- [TASK OBJECTIVE]:
Go through the listing below and write out exactly the lines from the one that mentions "sirena nuoto subacqueo" through the one that mentions "tissu d'organza de", minus the pictures.

- [RECORDS FOR THE EXERCISE]:
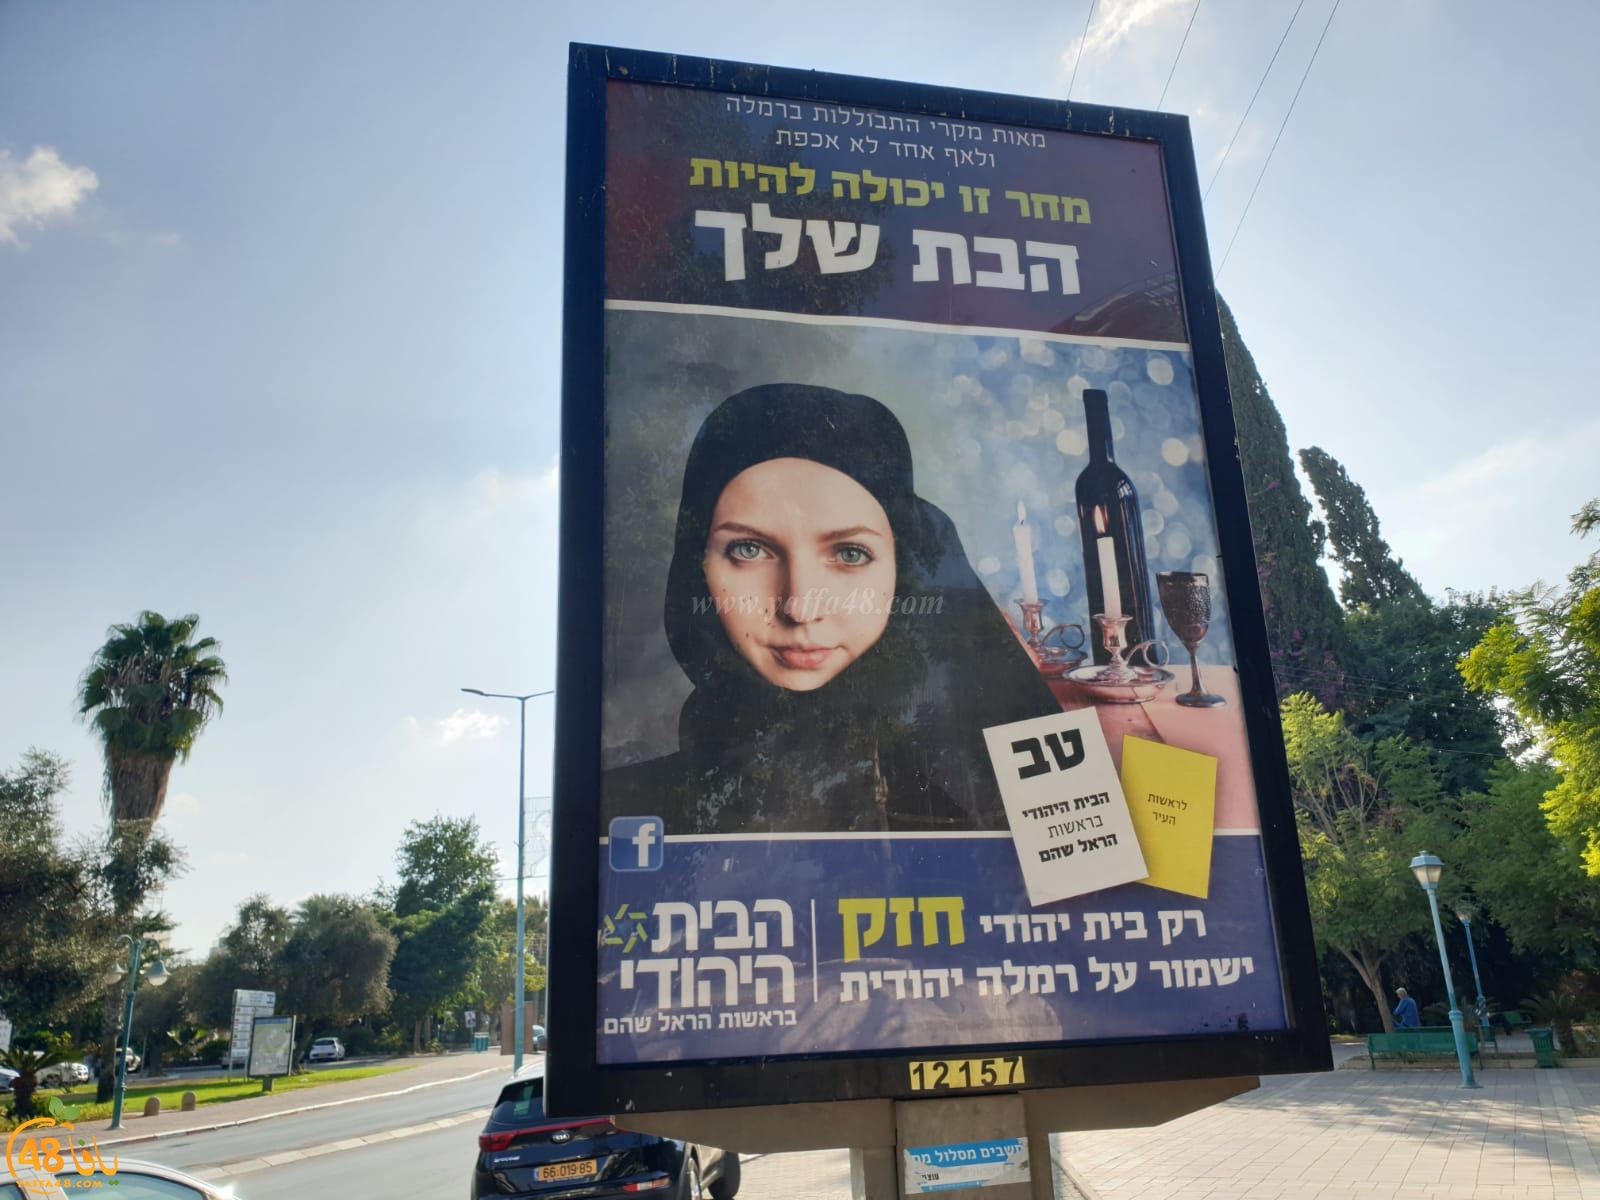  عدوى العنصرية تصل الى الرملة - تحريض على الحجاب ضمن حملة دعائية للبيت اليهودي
---
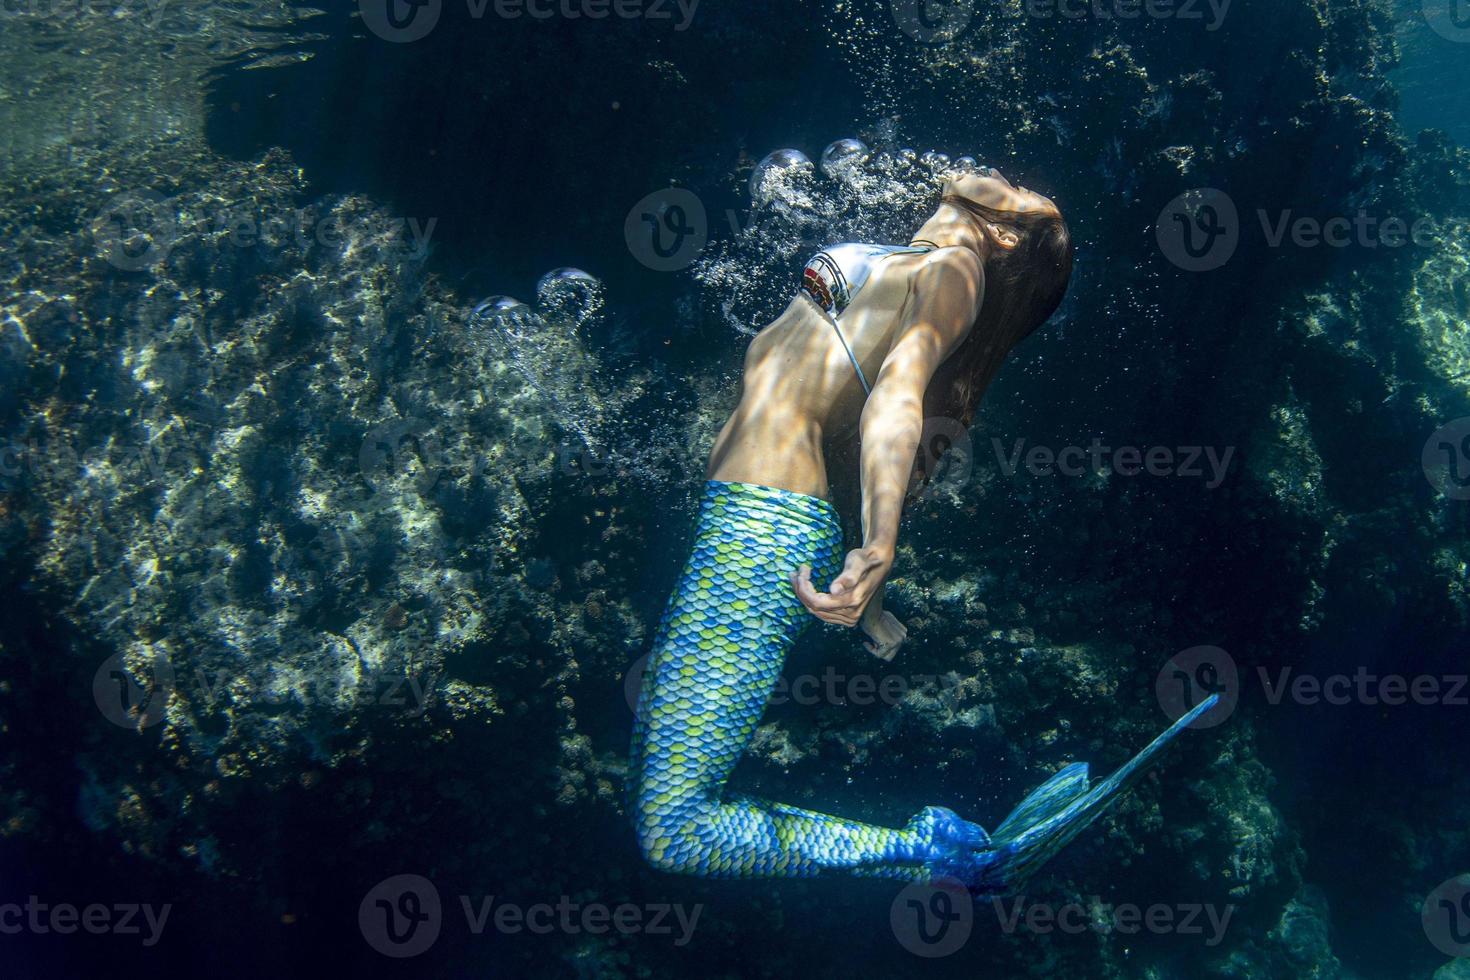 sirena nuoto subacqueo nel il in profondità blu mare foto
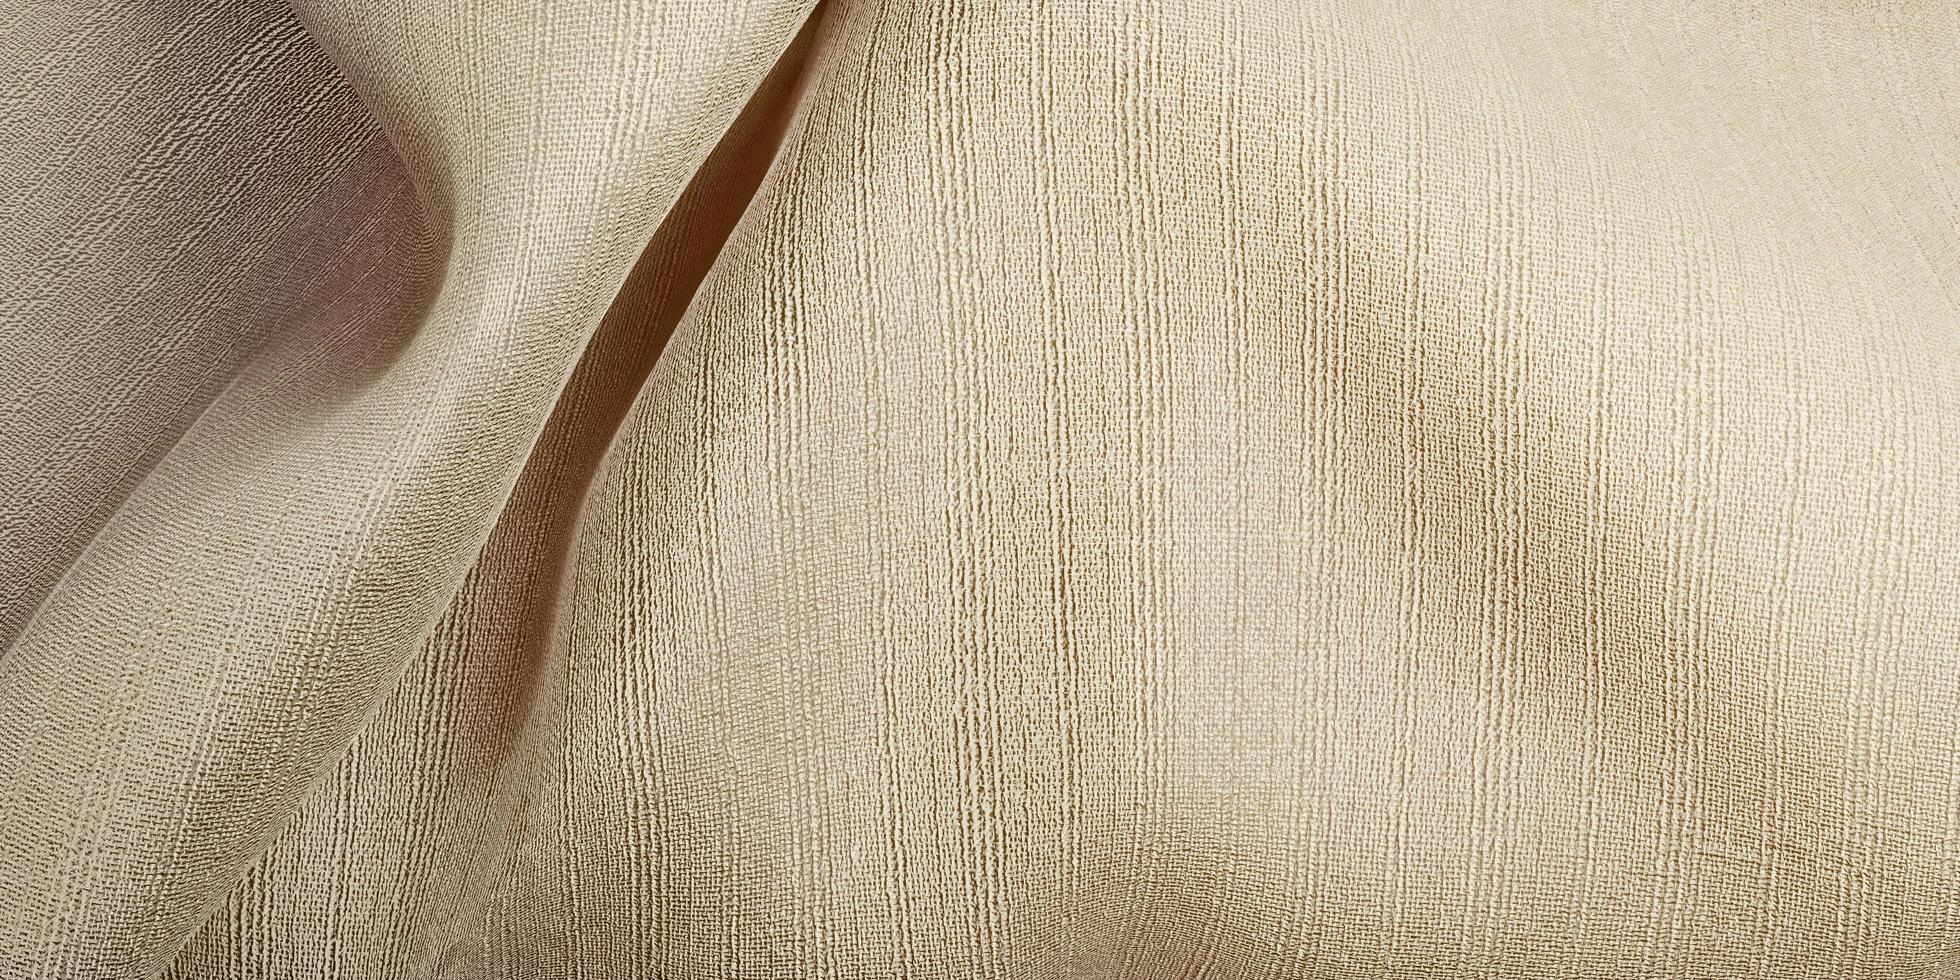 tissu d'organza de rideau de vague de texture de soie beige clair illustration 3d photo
...
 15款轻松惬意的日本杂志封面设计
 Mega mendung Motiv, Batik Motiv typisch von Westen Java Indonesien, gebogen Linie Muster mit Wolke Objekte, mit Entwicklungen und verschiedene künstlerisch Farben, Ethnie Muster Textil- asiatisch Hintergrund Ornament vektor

- [EXERCISE RESPONSE]:
 sirena nuoto subacqueo nel il in profondità blu mare foto
 tissu d'organza de rideau de vague de texture de soie beige clair illustration 3d photo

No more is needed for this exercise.